Badr-MOUFAD · mathurinm · web-flow · commit de7af7cc2eb4 · 2022-06-05T11:50:52.000+02:00
Co-authored-by: mathurinm &lt;mathurin.massias@gmail.com&gt;
diff --git a/.github/workflows/main.yml b/.github/workflows/main.yml
@@ -20,6 +20,7 @@ jobs:
     - name: Install dependencies
       run: |
         python -m pip install --upgrade pip
+        python -m pip install git+https://github.com/mathurinm/celer.git
         pip install pytest
         pip install numpydoc
         pip install .
diff --git a/doc/api.rst b/doc/api.rst
@@ -40,6 +40,7 @@ Penalties
    L2_3
    MCPenalty
    WeightedL1
+   WeightedGroupL2
 
 
 Datafits
@@ -50,6 +51,7 @@ Datafits
 .. autosummary::
    :toctree: generated/
 
+   GroupQuadratic
    Logistic
    Quadratic
    QuadraticSVC
diff --git a/skglm/datafits/group.py b/skglm/datafits/group.py
@@ -0,0 +1,67 @@
+import numpy as np
+from numpy.linalg import norm
+from numba.experimental import jitclass
+from numba import int32, float64
+
+from skglm.datafits.base import BaseDatafit
+
+
+spec_QuadraticGroup = [
+    ('grp_ptr', int32[:]),
+    ('grp_indices', int32[:]),
+    ('lipschitz', float64[:])
+]
+
+
+@jitclass(spec_QuadraticGroup)
+class QuadraticGroup(BaseDatafit):
+    """Quadratic datafit used with group penalties.
+
+    The datafit reads::
+
+    (1 / (2 * n_samples)) * ||y - X w||^2_2
+
+    Attributes
+    ----------
+    grp_indices : array, shape (n_features,)

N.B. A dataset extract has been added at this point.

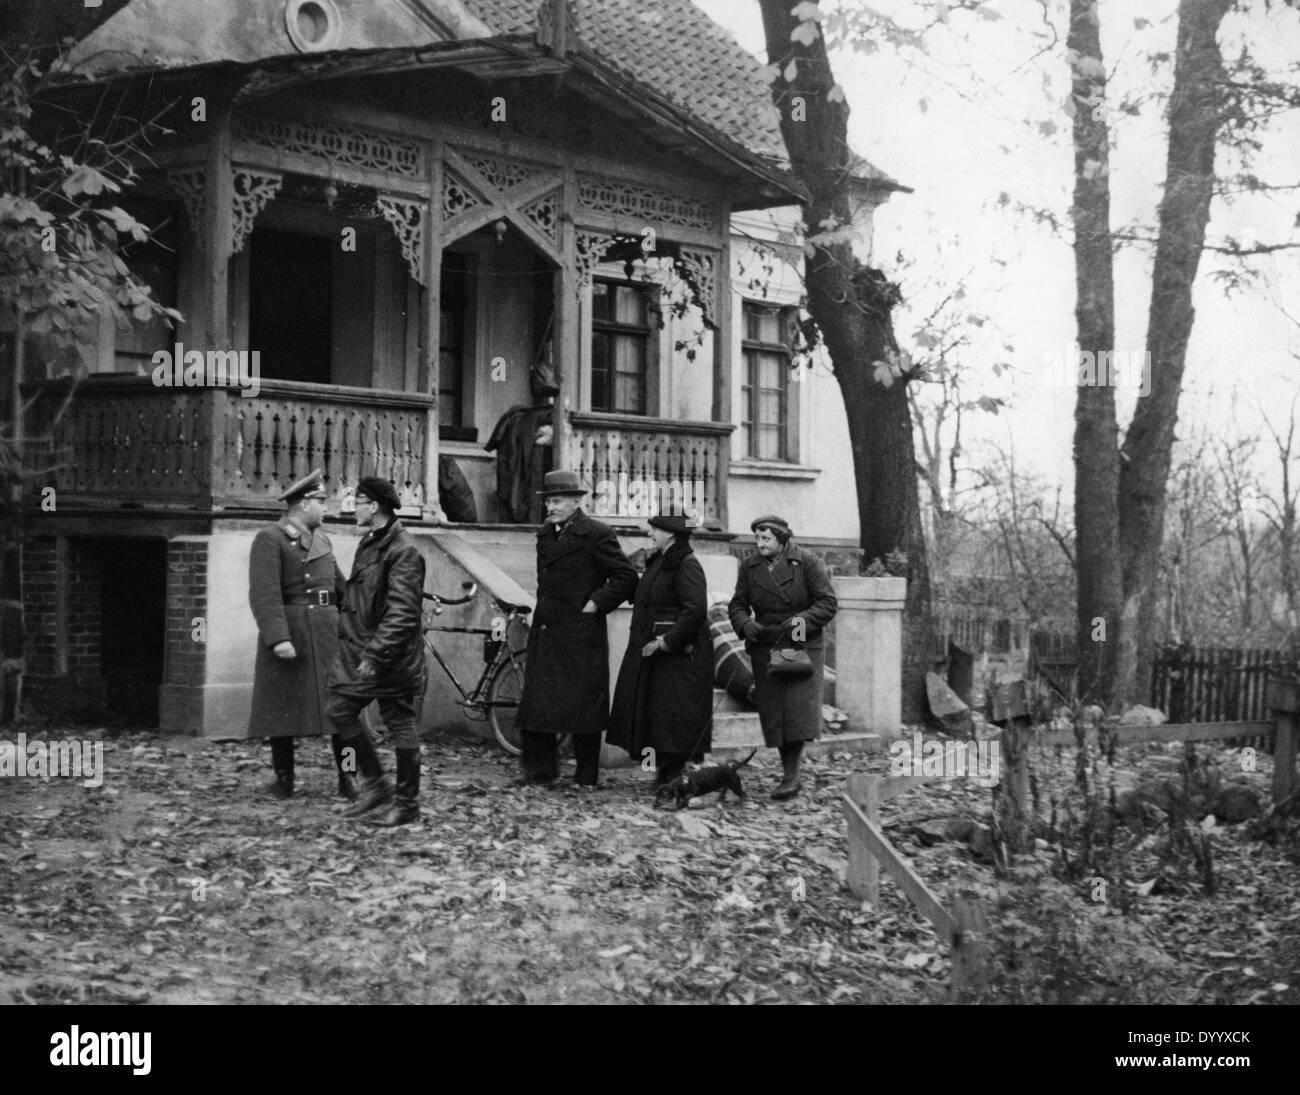 Zuweisung eines Hofes an deutschen Nachfahren in Polen, 1939 Stockfoto

+        The group indices stacked contiguously
+        (e.g. [grp1_indices, grp2_indices, ...]).
+
+    grp_ptr : array, shape (n_groups + 1,)

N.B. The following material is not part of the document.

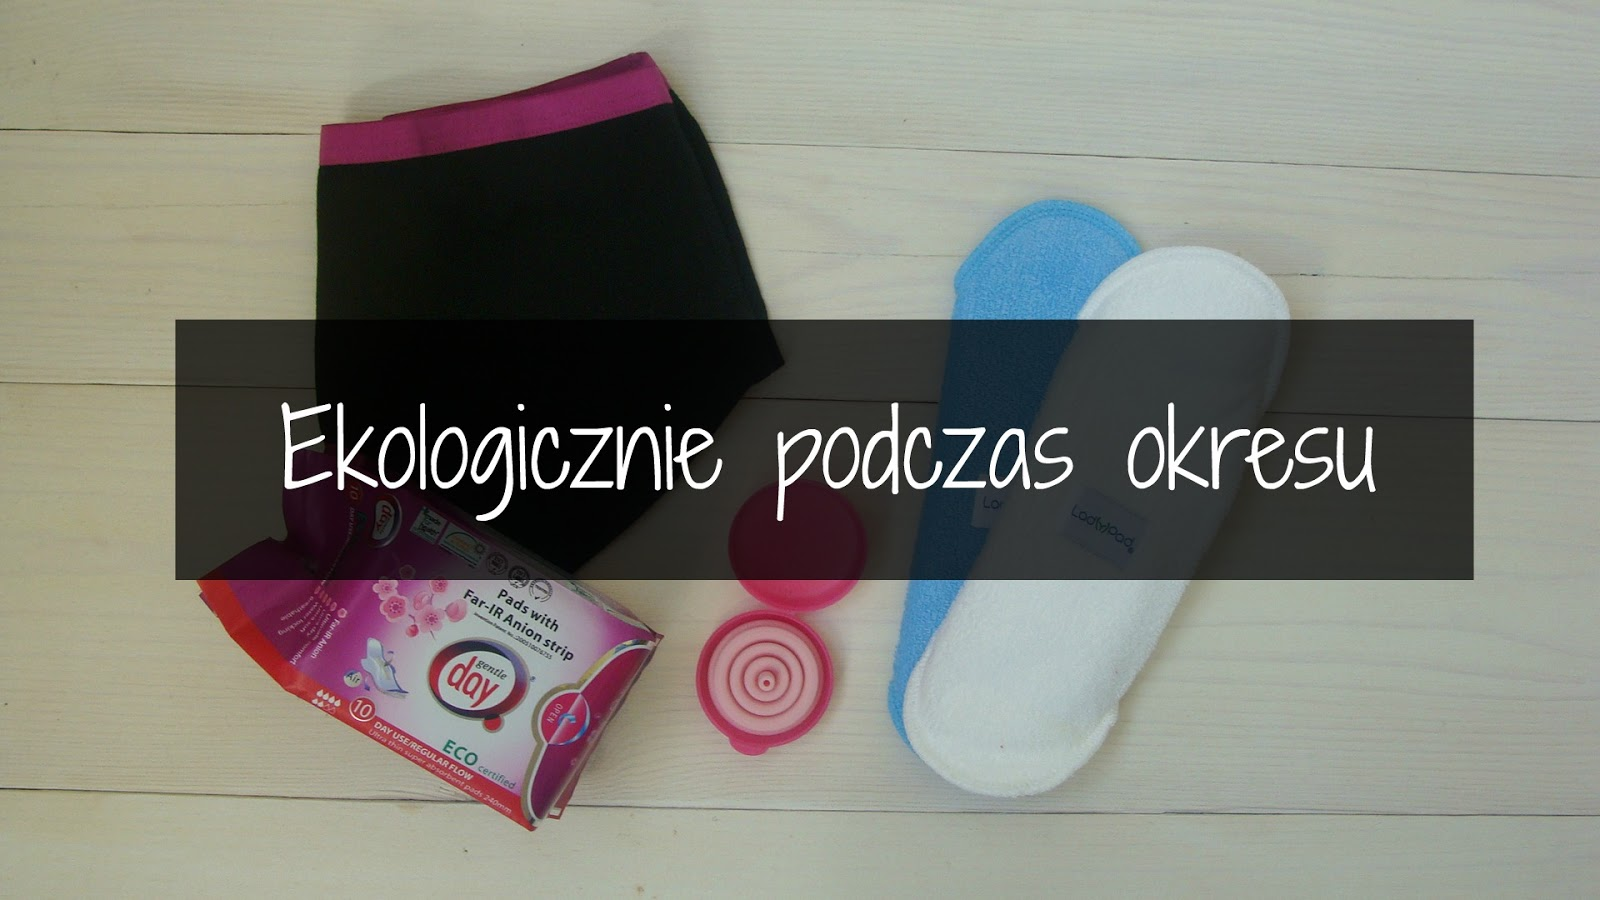 Podpaski wielorazowe, podpaski ekologiczne, wkładki wielorazowe, kubeczek menstruacyjny

+        The group pointers such that two consecutive elements delimit
+        the indices of a group in ``grp_indices``.
+
+    lipschitz : array, shape (n_groups,)
+        The lipschitz constants for each group.
+    """
+
+    def __init__(self, grp_ptr, grp_indices):
+        self.grp_ptr, self.grp_indices = grp_ptr, grp_indices
+
+    def initialize(self, X, y):
+        grp_ptr, grp_indices = self.grp_ptr, self.grp_indices
+        n_groups = len(grp_ptr) - 1
+
+        lipschitz = np.zeros(n_groups)
+        for g in range(n_groups):
+            grp_g_indices = grp_indices[grp_ptr[g]: grp_ptr[g+1]]

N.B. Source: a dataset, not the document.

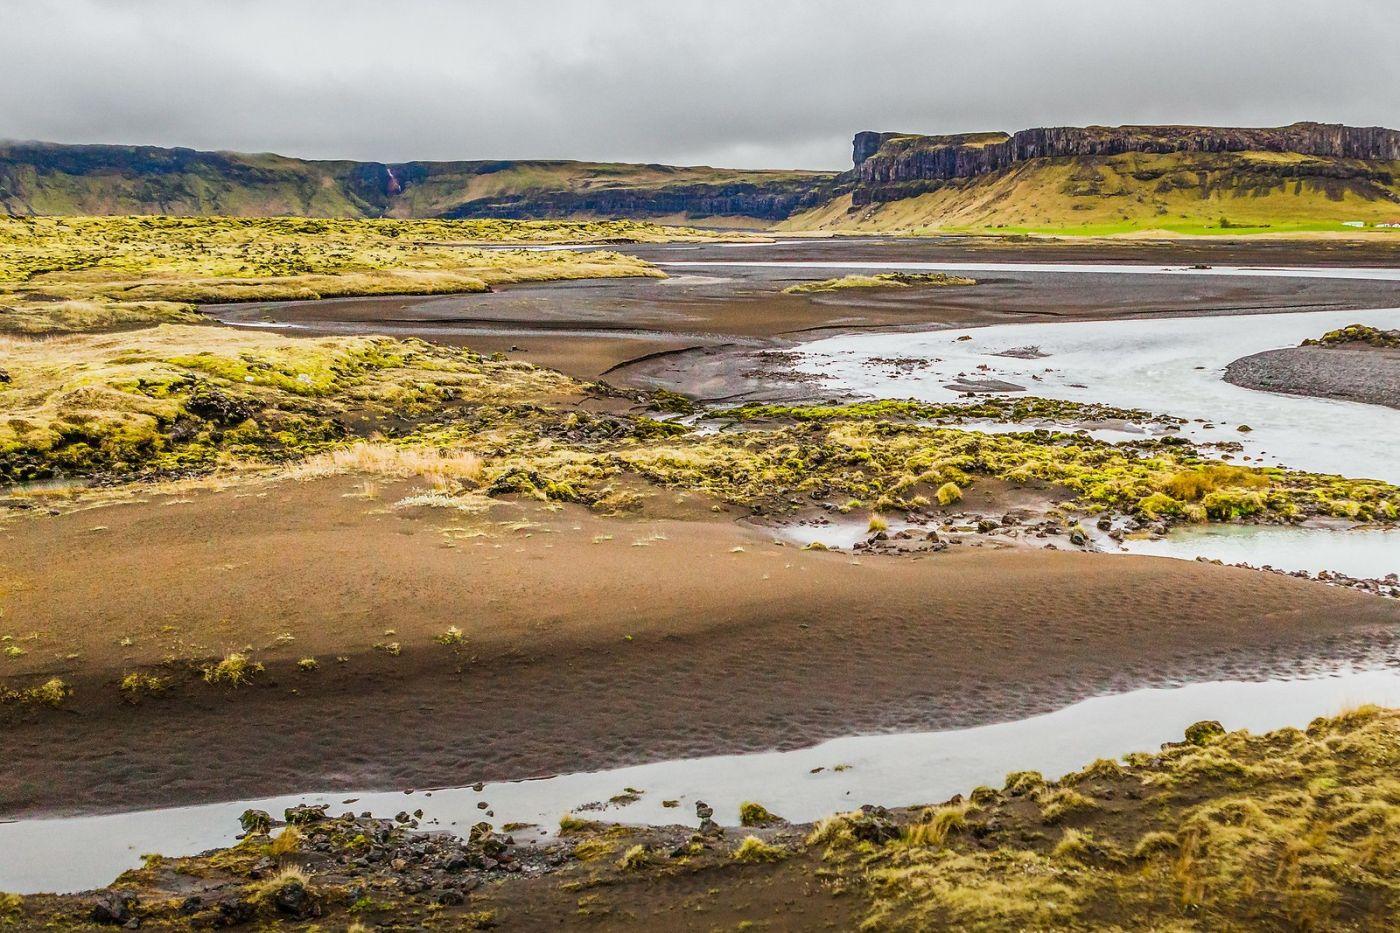 冰岛风采,那一片水景_图1-38

+            X_g = X[:, grp_g_indices]
+            lipschitz[g] = norm(X_g, ord=2) ** 2 / len(y)
+
+        self.lipschitz = lipschitz
+
+    def value(self, y, w, Xw):
+        return norm(y - Xw) ** 2 / (2 * len(y))
+
+    def gradient_g(self, X, y, w, Xw, g):
+        grp_ptr, grp_indices = self.grp_ptr, self.grp_indices
+        grp_g_indices = grp_indices[grp_ptr[g]: grp_ptr[g+1]]
+
+        grad_g = np.zeros(len(grp_g_indices))
+        for idx, j in enumerate(grp_g_indices):
+            grad_g[idx] = self.gradient_scalar(X, y, w, Xw, j)
+
+        return grad_g
+
+    def gradient_scalar(self, X, y, w, Xw, j):
+        return X[:, j] @ (Xw - y) / len(y)
diff --git a/skglm/penalties/block_separable.py b/skglm/penalties/block_separable.py
@@ -1,6 +1,7 @@
 import numpy as np
-from numpy.linalg.linalg import norm
-from numba import float64
+from numpy.linalg import norm
+
+from numba import float64, int32
 from numba.experimental import jitclass
 from numba.types import bool_
 
@@ -153,3 +154,81 @@ def subdiff_distance(self, W, grad, ws):
     def is_penalized(self, n_features):
         """Return a binary mask with the penalized features."""
         return np.ones(n_features, bool_)
+
+
+spec_WeightedGroupL2 = [
+    ('alpha', float64),
+    ('weights', float64[:]),
+    ('grp_ptr', int32[:]),
+    ('grp_indices', int32[:]),
+]
+
+
+@jitclass(spec_WeightedGroupL2)
+class WeightedGroupL2(BasePenalty):
+    r"""Weighted Group L2 penalty.
+
+    The penalty reads::
+
+        \sum_{g} weights[g] * ||w_g||_2
+
+    Attributes
+    ----------
+    alpha : float
+        The regularization parameter.
+
+    weights : array, shape (n_groups,)
+        The weights of the groups.
+
+    grp_indices : array, shape (n_features,)
+        The group indices stacked contiguously
+        (e.g. [grp1_indices, grp2_indices, ...]).
+
+    grp_ptr : array, shape (n_groups + 1,)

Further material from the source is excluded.